A letter dated May, 5th, 1751 from the St Croix Burgher Council suggests that
“… it is already customary to sell lands in acres which among the English is a piece of land containing 43560 quadrate feet; and this has absolutely no proportion to the sum of a plantation 2000 feet wide and 3000 feet long, according to which the land tax should actually be calculated, beside which is to be feared that these 43560 feet might be English or Danish feet; therefore, we in the Burgher Council have seen fit to submit …”
and the letter concludes
“… if it is already customary here to assess estates acre-wise, without there being a written law or placard how much an acre shall be, we would therefore humbly think that such an acre could be established to be 200 feet in a square, which makes 40,000 feet Danish quadrate feet, and thus one of our plantations would contain exactly 150 acres, which about corresponds with an English acre …” – and this is what the council recommended the administration should decree.

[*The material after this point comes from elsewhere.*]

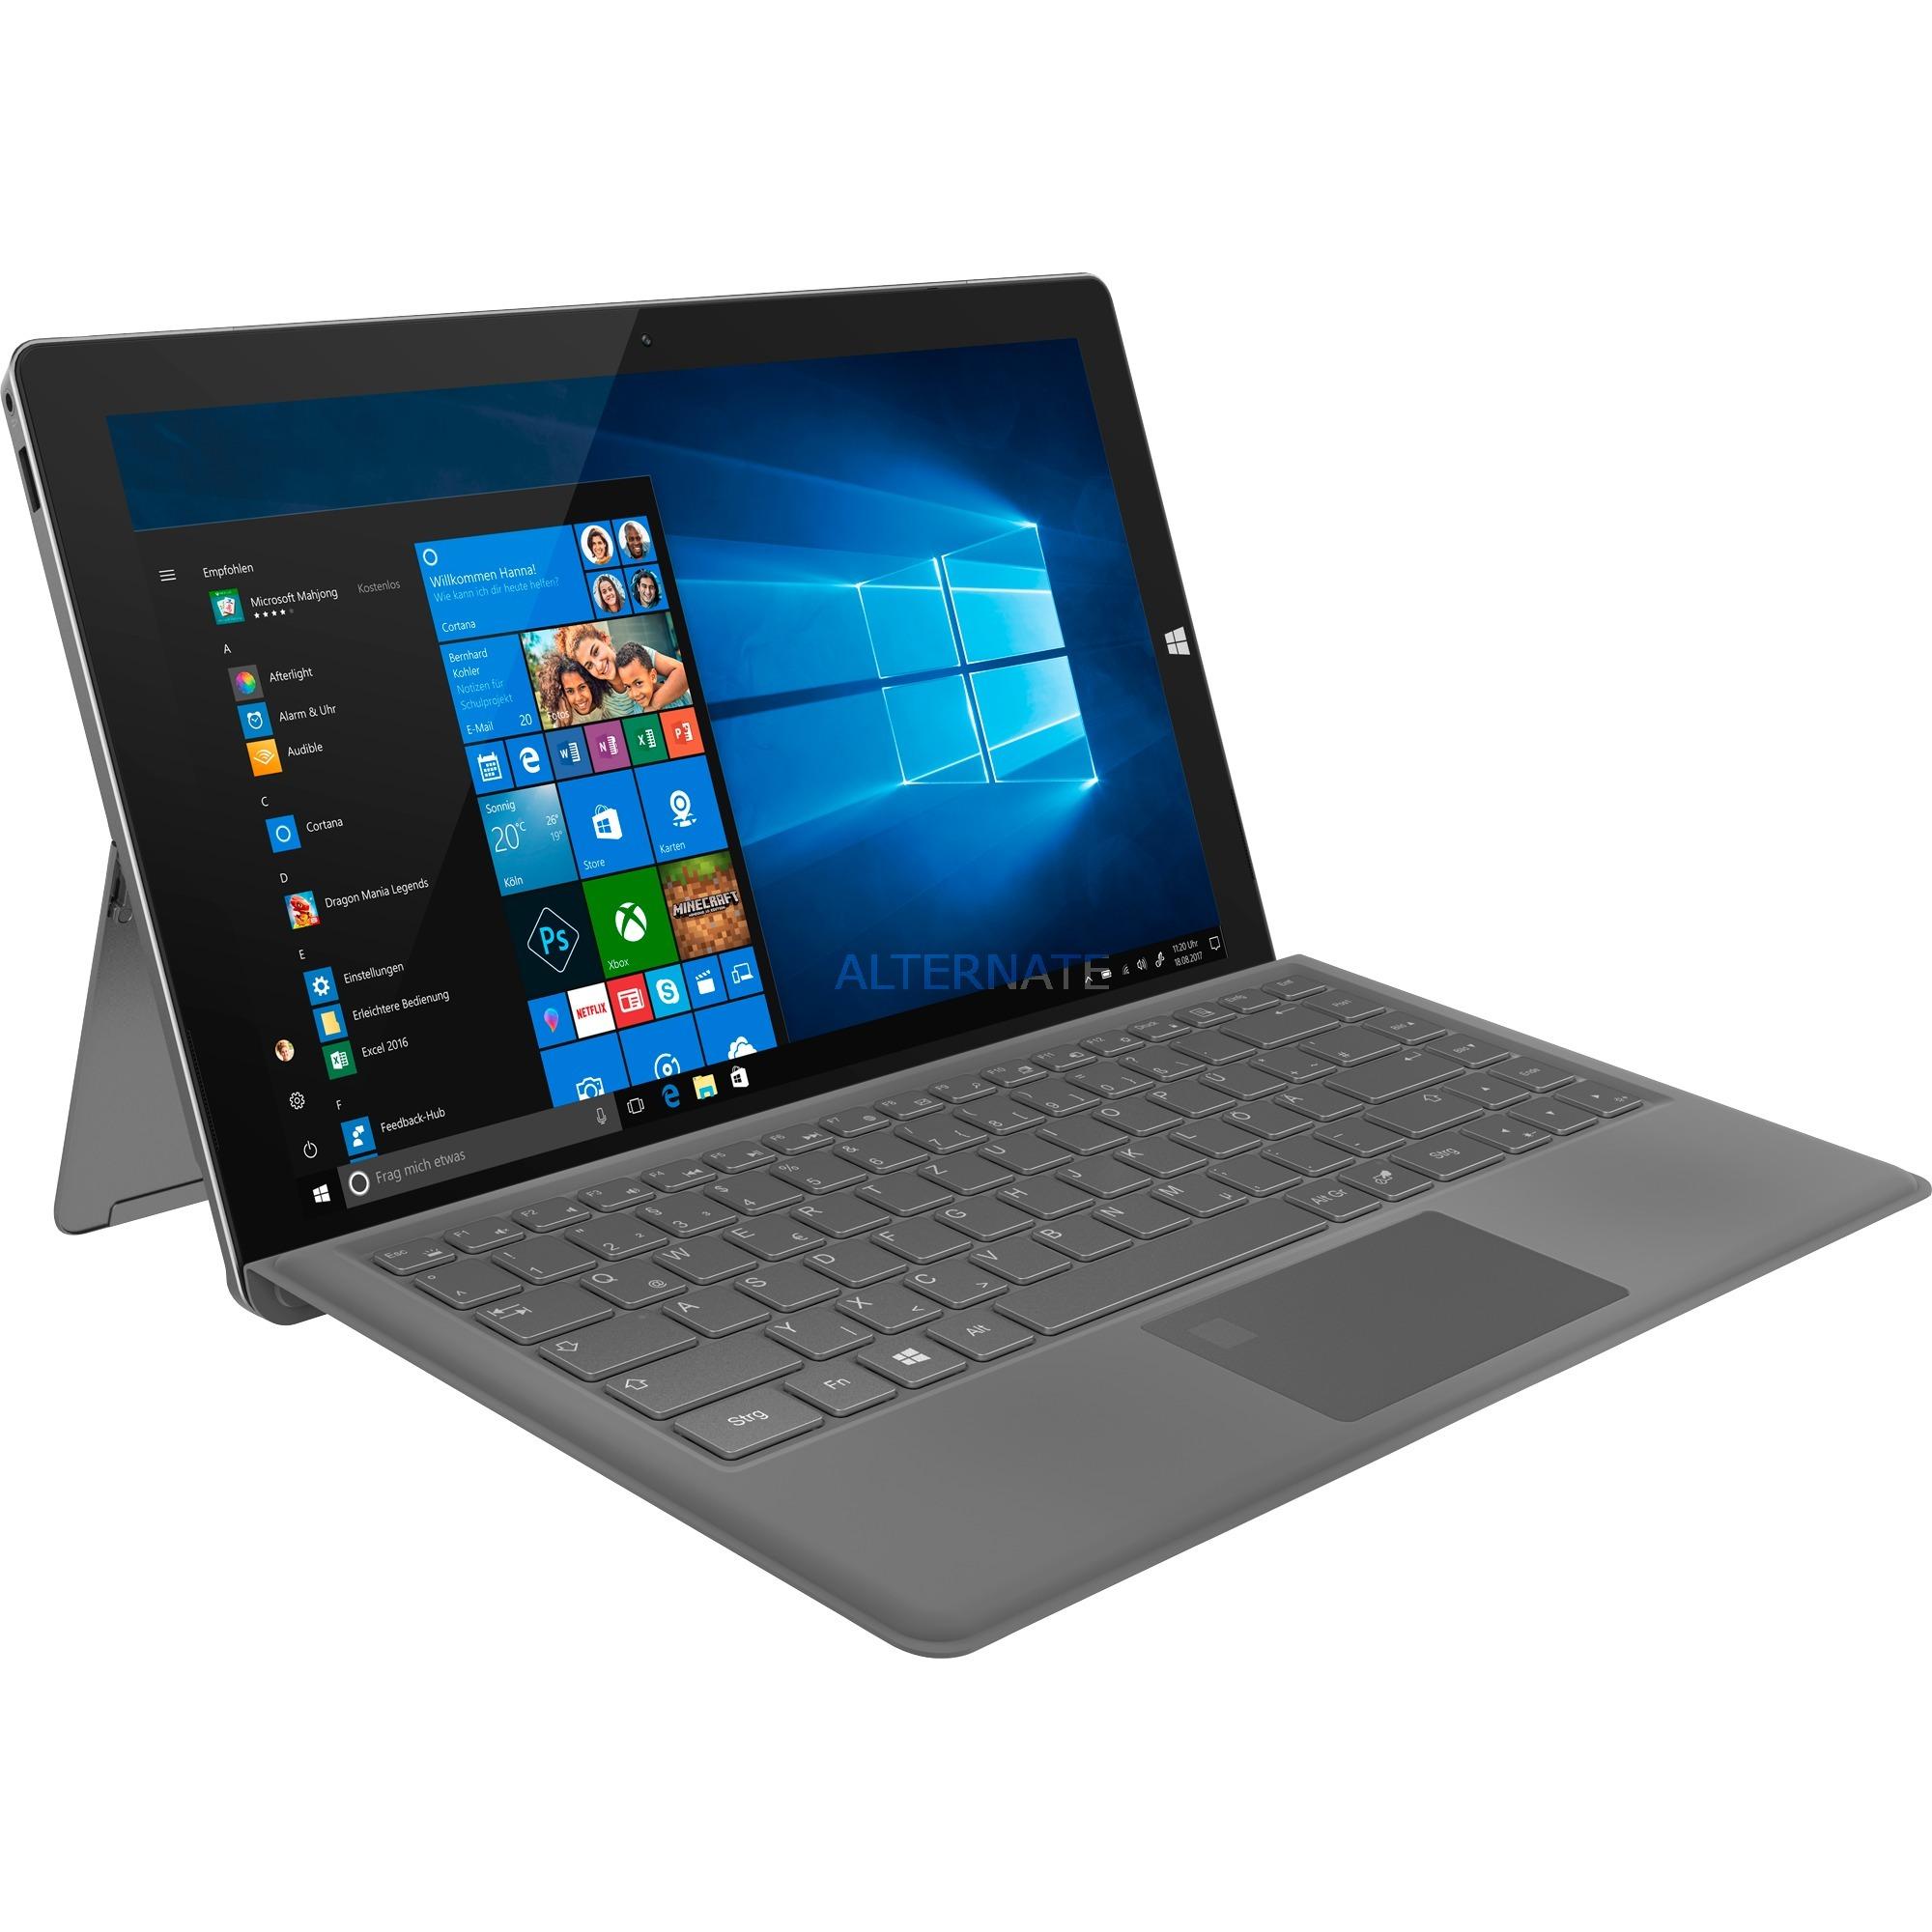 Primetab T13b-CO tablet Intel Celeron N3350 64 GB Negro, Tablet PC

The Danish foot, derived from the alen and known as the “Rhinlandske fod,” was established by Christian V in 1683. Defined as two fod, the Danish foot was approximately 2.97% longer than the English foot. Consequently, a new measurement for an acre at 200 x 200 Danish feet equated to 205.94 x 205.94 English feet, totaling 42,411 square English feet. The concept of the “chain” also played a role in land measurement, as historical records mention a forty-foot surveyors chain on St Croix in 1740, with a possibility of a fifty-foot chain being used as well. This facilitated the calculation of a 200 x 200 foot acre.

Thus, the Danish Acre emerged as a unit of land measurement, representing an area of 200 Danish feet square or 40,000 square Danish feet, which is equivalent to 42,411 square English feet. This Danish Acre was slightly smaller, approximately 97.37%, than the standard 43,560 square feet of an English acre.